In contrast, when dealing with decoders, it is better not to have context of future words, as that would be “cheating.” To prevent this, attention masking is used, which ensures that, for example, the third word only considers the first three words and ignores the subsequent ones.
Mathematically, it is defined as:
\[A = \text{softmax} \left(\frac{Q \cdot K^\top}{\sqrt{d_k}} + M \right) \in \mathbb{R}^{B \times T \times T}\] \[M_{ij} = \begin{cases} 0 & \text{if } i \geq j \\ -\infty & \text{if } i < j \end{cases} \quad M \in \mathbb{R}^{T \times T}\]Since we apply softmax, the upper triangle of the attention matrix (all future values for a token) has a value of 0.
class AttentionLayer(nn.Module):
"""Scaled Dot-Product Attention masked"""
def forward(self, x: torch.Tensor) -> torch.Tensor:
query = self.w_q(x)
key = self.w_k(x)
value = self.w_v(x)
attention = (query @ key.transpose(-2, -1)) / self.d_k_sqrt
if self.masking:
seq_len = attention.size(-1)
mask = torch.triu(torch.ones(seq_len, seq_len, device=attention.device), diagonal=1)
attention = attention.masked_fill(mask.bool(), float('-inf'))
score = self.softmax(attention)
context = score @ value
return context
Multi-Head Attention
The Transformer paper introduced multi-head attention: instead of computing a single attention, we compute attention across \(h\) heads, concatenate the results, and apply a linear projection:
\[\text{MultiHead}(Q, K, V) = \text{Concat}(\text{head}_1, \ldots, \text{head}_h) W^O\] \[\text{where} \quad\text{head}_i = \text{Attention}(Q W_Q^{(i)},\ K W_K^{(i)},\ V W_V^{(i)})\]Where \(W_i^Q,\space W_i^K \in \mathbb{R}^{d_{model} \times dk};\quad W_i^V \in \mathbb{R}^{d_{model} \times d_v};\quad W^O \in \mathbb{R}^{hd_v \times d_{model}}\).
class MultiHeadAttention(nn.Module):
"""MultiHead Attention"""
w_heads = nn.ModuleList([
AttentionLayer(d_model, self.d_k, self.d_v)
for _ in range(h)
])
def forward(self, x: torch.Tensor) -> torch.Tensor:
heads = [head(x) for head in self.w_heads]
x_head = torch.cat(heads, dim=-1)
context = self.w_o(x_head)
return context
Add & Norm Layer
It’s a very simple layer but is used constantly in Transformer-like models. It consists of combining two inputs (of the same shape) via summation and then applying normalization.
The purpose of applying normalization to the output is to prevent gradients from vanishing or exploding.
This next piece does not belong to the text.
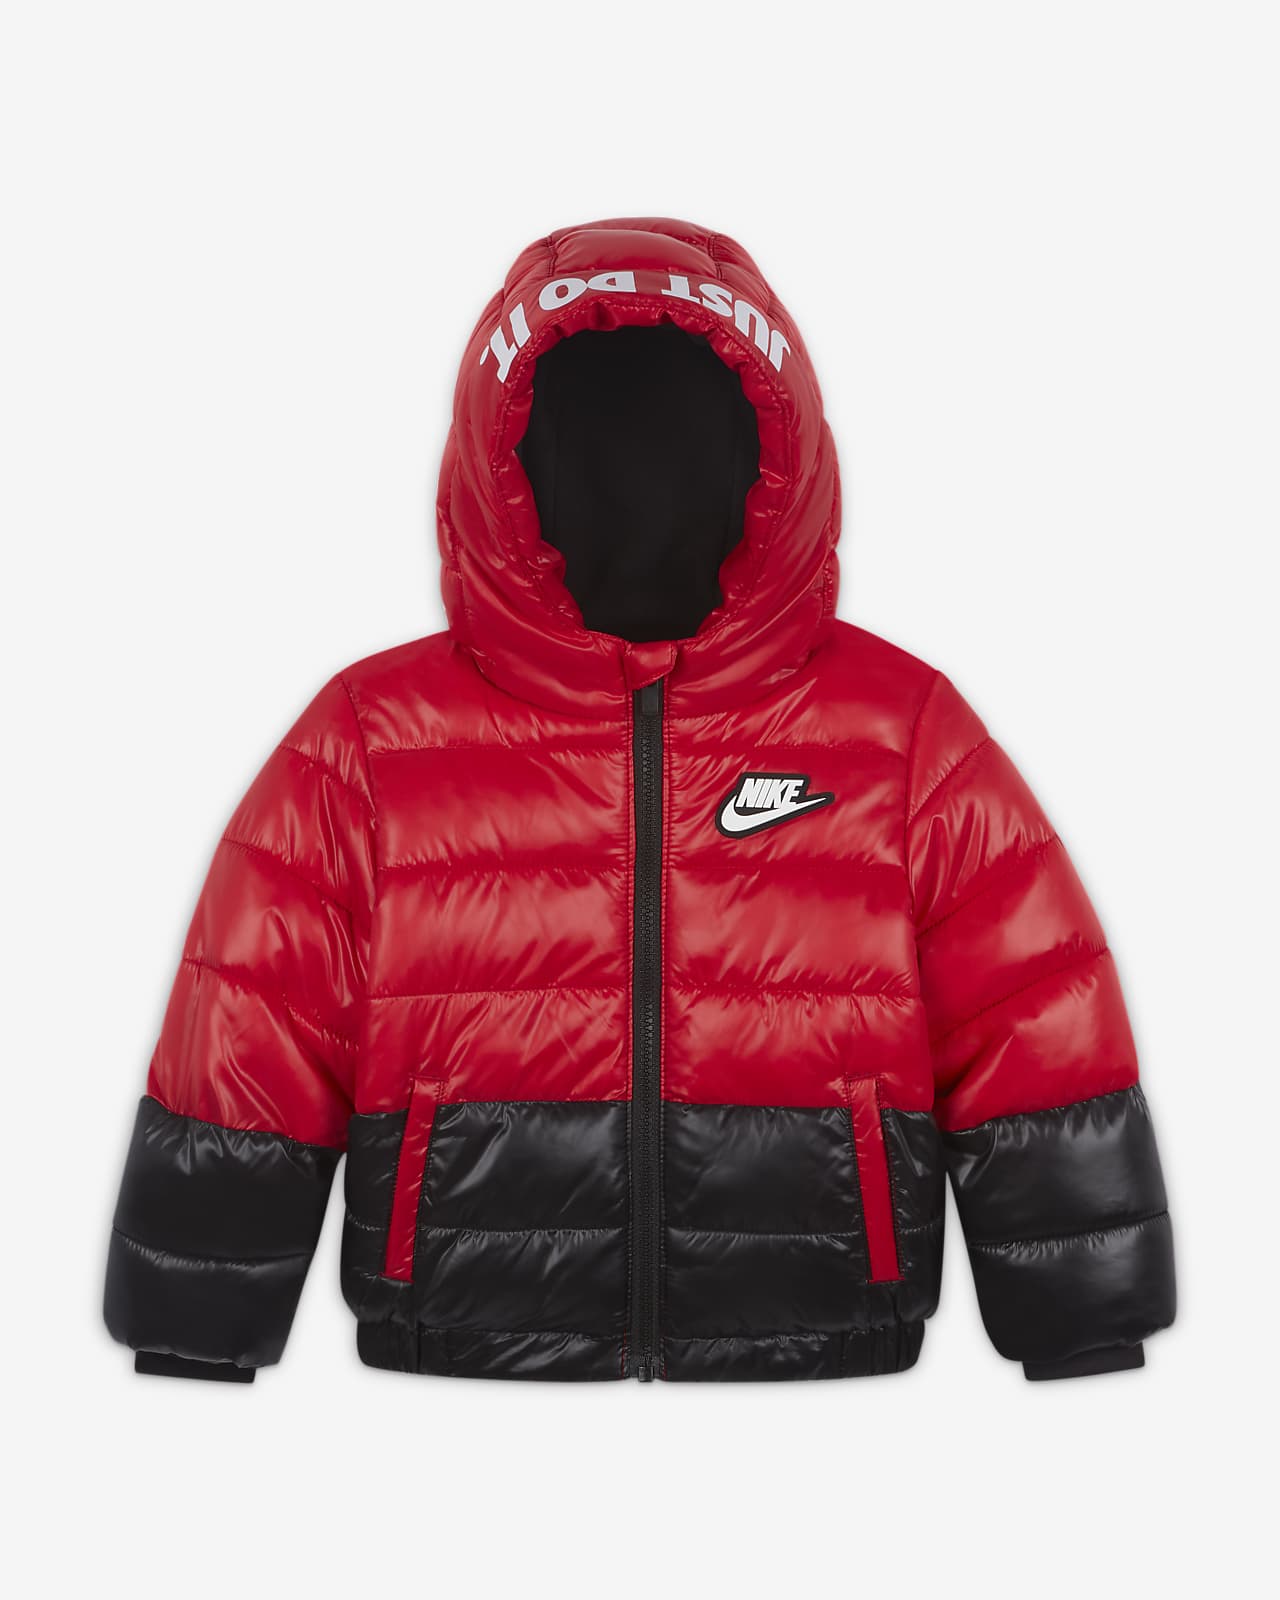 Nike Sportswear Baby (12-24M) Puffer Jacket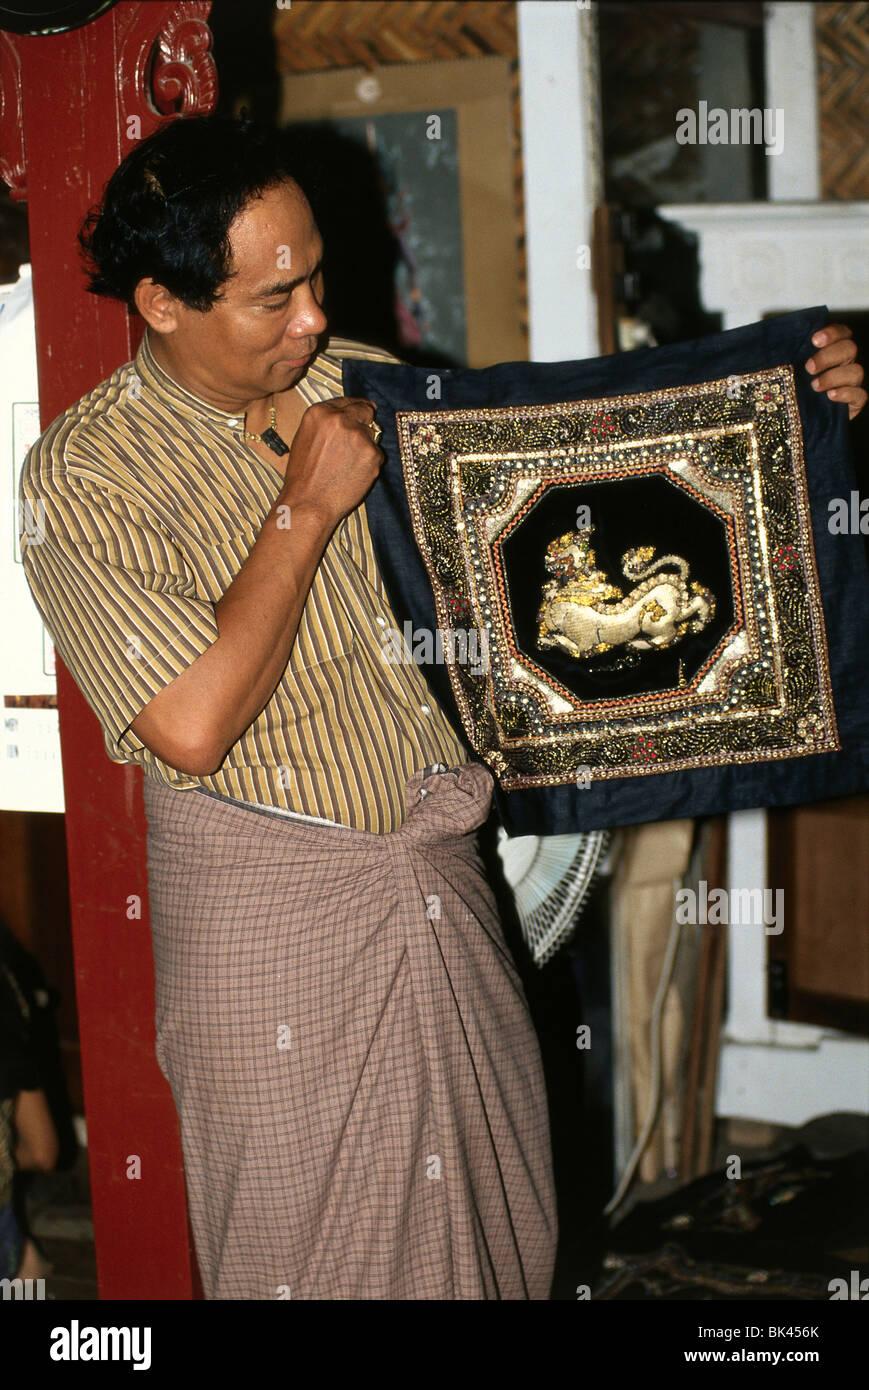 Homme tenant un birman tapisserie brodée d'or, au Myanmar Banque D'Images

class AddAndNorm(nn.Module):
"""Add & Norm Layer"""
def forward(self, x: torch.Tensor, y: torch.Tensor) -> torch.Tensor:
return self.norm(x + y)
Position-wise Feed-Forward Networks
This type of layer works like an encoder-decoder but in the opposite direction: it takes an input of one dimension, applies a network to expand it to a larger dimension, and then applies another linear network to reduce it back to the original dimension.
According to literature, FFNs could be considered as two convolutions with kernel size 1.
Mathematically:
\[\text{FFN}(x) = \max(0, xW_1+b_1)W_2 + b_2\]class PositionWiseFFN(nn.Module):
"""Position-wise Feed-Forward Networks, works as two convolutions with kernel size 1."""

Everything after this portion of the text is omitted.